Upload the files into the Amazon S3 Bucket you created earlier

Upload the files you just created to the Amazon S3 bucket that you created in Step 4. If you’re using Chrome or Firefox browsers, you can choose the folders and files to upload and then drag and drop them into the destination bucket. Dragging and dropping is the only way that you can upload folders.

  1. Sign in to the AWS Management Console and open the Amazon S3 console.
  2. In the Bucket name list, choose the name of the bucket that you created earlier in Step 4.
  3. In a window other than the console window, select the index.html file to upload. Then drag and drop the file into the console window that lists the destination bucket.
  4. In the Upload dialog box, choose Upload.
  5. Choose Create Folder.
  6. Enter the name js and choose Save.
  7. Choose the js folder.
  8. In a window other than the console window, select the userprofile.js and verifier.js files to upload. Then drag and drop the files into the console window js folder.

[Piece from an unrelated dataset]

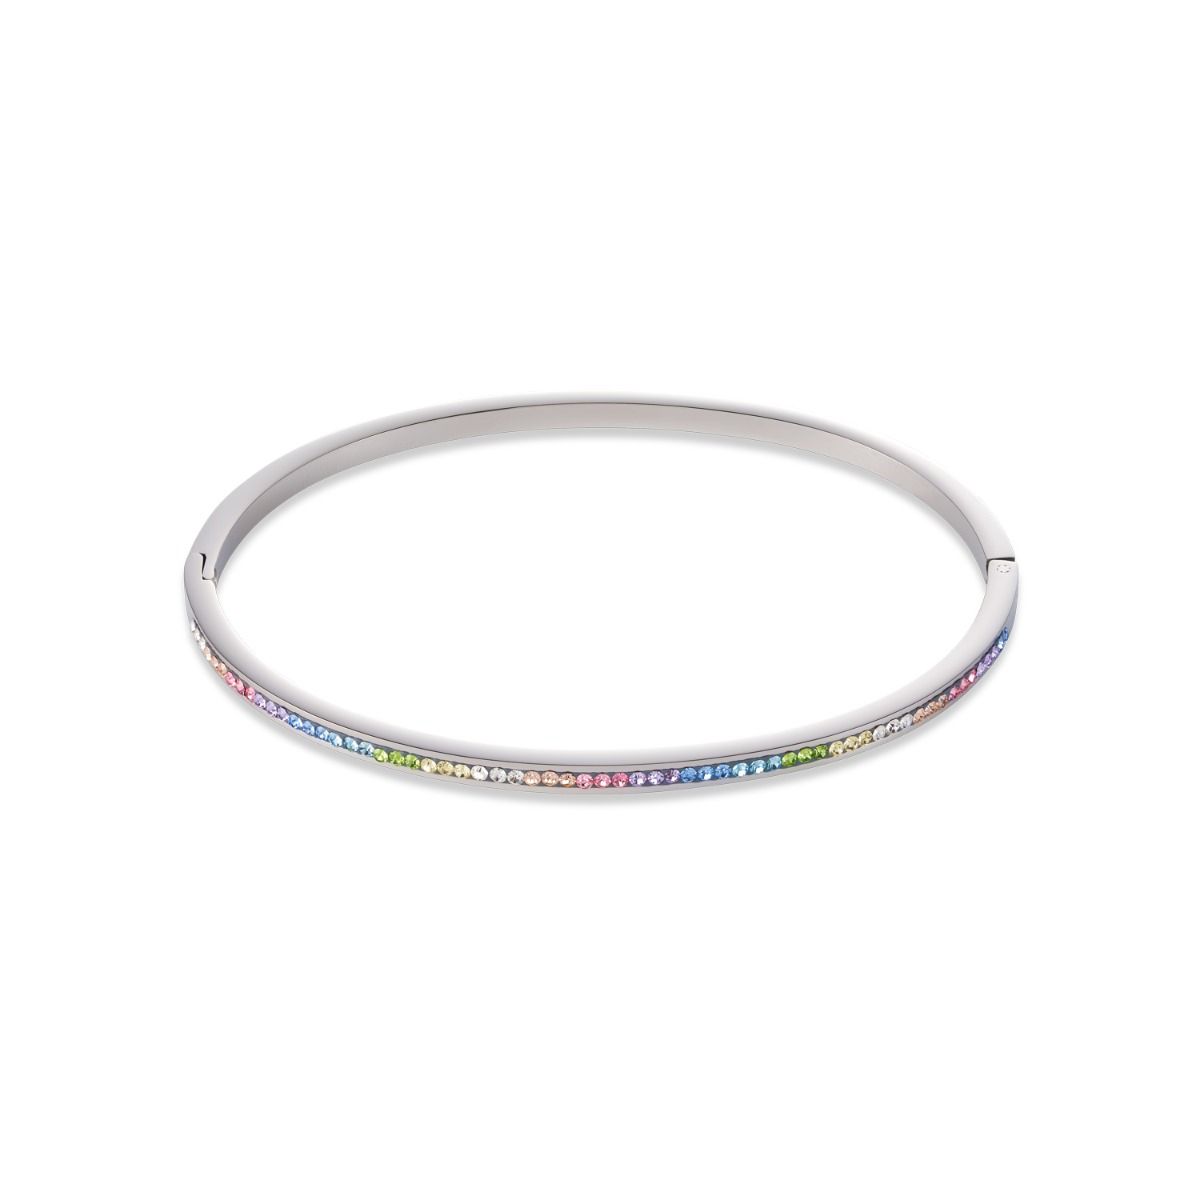 Buy Coeur De Lion Pastel Rainbow Crystal Bangle - Silver Online

    Note: The Amazon S3 bucket root will contain the index.html file and a js folder. The js folder will contain the userprofile.js and verifier.js files.

Step 7. Configure the app client settings

Use the Amazon Cognito console to configure the app client settings, including identity providers, OAuth flows, and OAuth scopes.

Configure the app client settings:

  1. Go to the Amazon Cognito console.
  2. Choose Manage your User Pools.
  3. Select your user pool.
  4. Select App integration, and then select App client settings.
  5. Under Enabled Identity Providers, select Cognito User Pool.(Optional) You can add federated identity providers. Adding User Pool Sign-in Through a Third-Party has more information about how to add federation providers.
  6. Enter the Callback URL(s) where the user is to be redirected after successfully signing in. The callback URL is the URL of your web app that will receive the authorization code. In our example, this will be the Domain Name for the CloudFront distribution you created earlier. It will look something like https://DOMAINNAME/index.html where DOMAINNAME is xxxxxxx.cloudfront.net.

    Note: HTTPS is required for the Callback URLs. For this example, I used CloudFront as a HTTPS endpoint for the app in Amazon S3.

  7. Next, select Authorization code grant from the Allowed OAuth Flows and OpenID from Allowed OAuth Scopes. The OpenID scope will return the ID token and grant access to all user attributes that are readable by the client.
  8. Choose Save changes.

Step 8. Show the app home page

Now that the Amazon Cognito user pool is configured and the sample app is built, you can test using Amazon Cognito as an OP from the sample JavaScript app you created in Step 6.

View the app’s home page:

  1. Open a web browser and enter the app’s home page URL using the CloudFront distribution to serve your index.html page created in Step 6 (https://DOMAINNAME/index.html) and the app will redirect the browser to the Amazon Cognito /authorize endpoint.
  2. The /authorize endpoint redirects the browser to the Amazon Cognito hosted UI, where the user can sign in or sign up. The following figure shows the user sign-in page.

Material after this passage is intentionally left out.